#### Your goal:
All that is wanted is an exact copy of the lines below, starting at the one that contains "Te Cha Tea Boxes No:4 Oolong Box" and running to the end.

#### Data in this exercise:
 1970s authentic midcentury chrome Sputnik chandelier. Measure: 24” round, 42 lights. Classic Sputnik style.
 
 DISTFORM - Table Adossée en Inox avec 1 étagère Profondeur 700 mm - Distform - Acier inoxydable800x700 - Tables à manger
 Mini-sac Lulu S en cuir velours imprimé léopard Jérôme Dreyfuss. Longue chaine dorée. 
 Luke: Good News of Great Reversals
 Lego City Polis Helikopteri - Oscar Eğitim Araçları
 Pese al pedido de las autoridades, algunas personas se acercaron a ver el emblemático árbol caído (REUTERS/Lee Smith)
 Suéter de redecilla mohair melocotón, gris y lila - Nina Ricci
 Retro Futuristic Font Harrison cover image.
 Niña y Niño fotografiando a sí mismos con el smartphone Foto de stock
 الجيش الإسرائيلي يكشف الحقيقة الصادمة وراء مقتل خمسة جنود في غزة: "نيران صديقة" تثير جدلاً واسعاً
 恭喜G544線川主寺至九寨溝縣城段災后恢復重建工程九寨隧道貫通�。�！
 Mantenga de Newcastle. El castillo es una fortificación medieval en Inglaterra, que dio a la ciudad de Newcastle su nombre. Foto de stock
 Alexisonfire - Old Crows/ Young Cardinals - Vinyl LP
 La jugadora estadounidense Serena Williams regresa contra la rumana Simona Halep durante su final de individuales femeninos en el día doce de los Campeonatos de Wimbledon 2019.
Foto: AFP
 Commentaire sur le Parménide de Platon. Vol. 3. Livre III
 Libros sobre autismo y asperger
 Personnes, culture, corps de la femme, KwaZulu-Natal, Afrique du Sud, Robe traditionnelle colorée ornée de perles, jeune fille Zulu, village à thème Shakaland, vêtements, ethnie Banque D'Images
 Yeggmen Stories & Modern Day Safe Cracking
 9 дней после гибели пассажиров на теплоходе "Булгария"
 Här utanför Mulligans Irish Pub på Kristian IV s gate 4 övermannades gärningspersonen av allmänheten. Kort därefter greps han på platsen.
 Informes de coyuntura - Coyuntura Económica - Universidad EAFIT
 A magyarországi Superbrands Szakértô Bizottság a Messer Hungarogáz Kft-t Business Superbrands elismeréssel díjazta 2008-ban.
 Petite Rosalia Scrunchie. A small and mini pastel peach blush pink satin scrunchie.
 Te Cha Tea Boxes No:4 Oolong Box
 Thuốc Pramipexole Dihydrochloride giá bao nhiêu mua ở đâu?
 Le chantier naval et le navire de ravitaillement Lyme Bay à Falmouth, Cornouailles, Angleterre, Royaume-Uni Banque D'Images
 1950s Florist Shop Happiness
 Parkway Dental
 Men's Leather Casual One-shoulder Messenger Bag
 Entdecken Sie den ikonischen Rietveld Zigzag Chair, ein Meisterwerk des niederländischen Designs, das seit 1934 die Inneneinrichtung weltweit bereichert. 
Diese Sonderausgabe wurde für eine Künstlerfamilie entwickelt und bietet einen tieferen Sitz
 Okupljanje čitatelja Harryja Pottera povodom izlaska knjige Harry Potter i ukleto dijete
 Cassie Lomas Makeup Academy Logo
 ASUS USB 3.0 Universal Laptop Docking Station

#### Answer below:
 Te Cha Tea Boxes No:4 Oolong Box
 Thuốc Pramipexole Dihydrochloride giá bao nhiêu mua ở đâu?
 Le chantier naval et le navire de ravitaillement Lyme Bay à Falmouth, Cornouailles, Angleterre, Royaume-Uni Banque D'Images
 1950s Florist Shop Happiness
 Parkway Dental
 Men's Leather Casual One-shoulder Messenger Bag
 Entdecken Sie den ikonischen Rietveld Zigzag Chair, ein Meisterwerk des niederländischen Designs, das seit 1934 die Inneneinrichtung weltweit bereichert. 
Diese Sonderausgabe wurde für eine Künstlerfamilie entwickelt und bietet einen tieferen Sitz
 Okupljanje čitatelja Harryja Pottera povodom izlaska knjige Harry Potter i ukleto dijete
 Cassie Lomas Makeup Academy Logo
 ASUS USB 3.0 Universal Laptop Docking Station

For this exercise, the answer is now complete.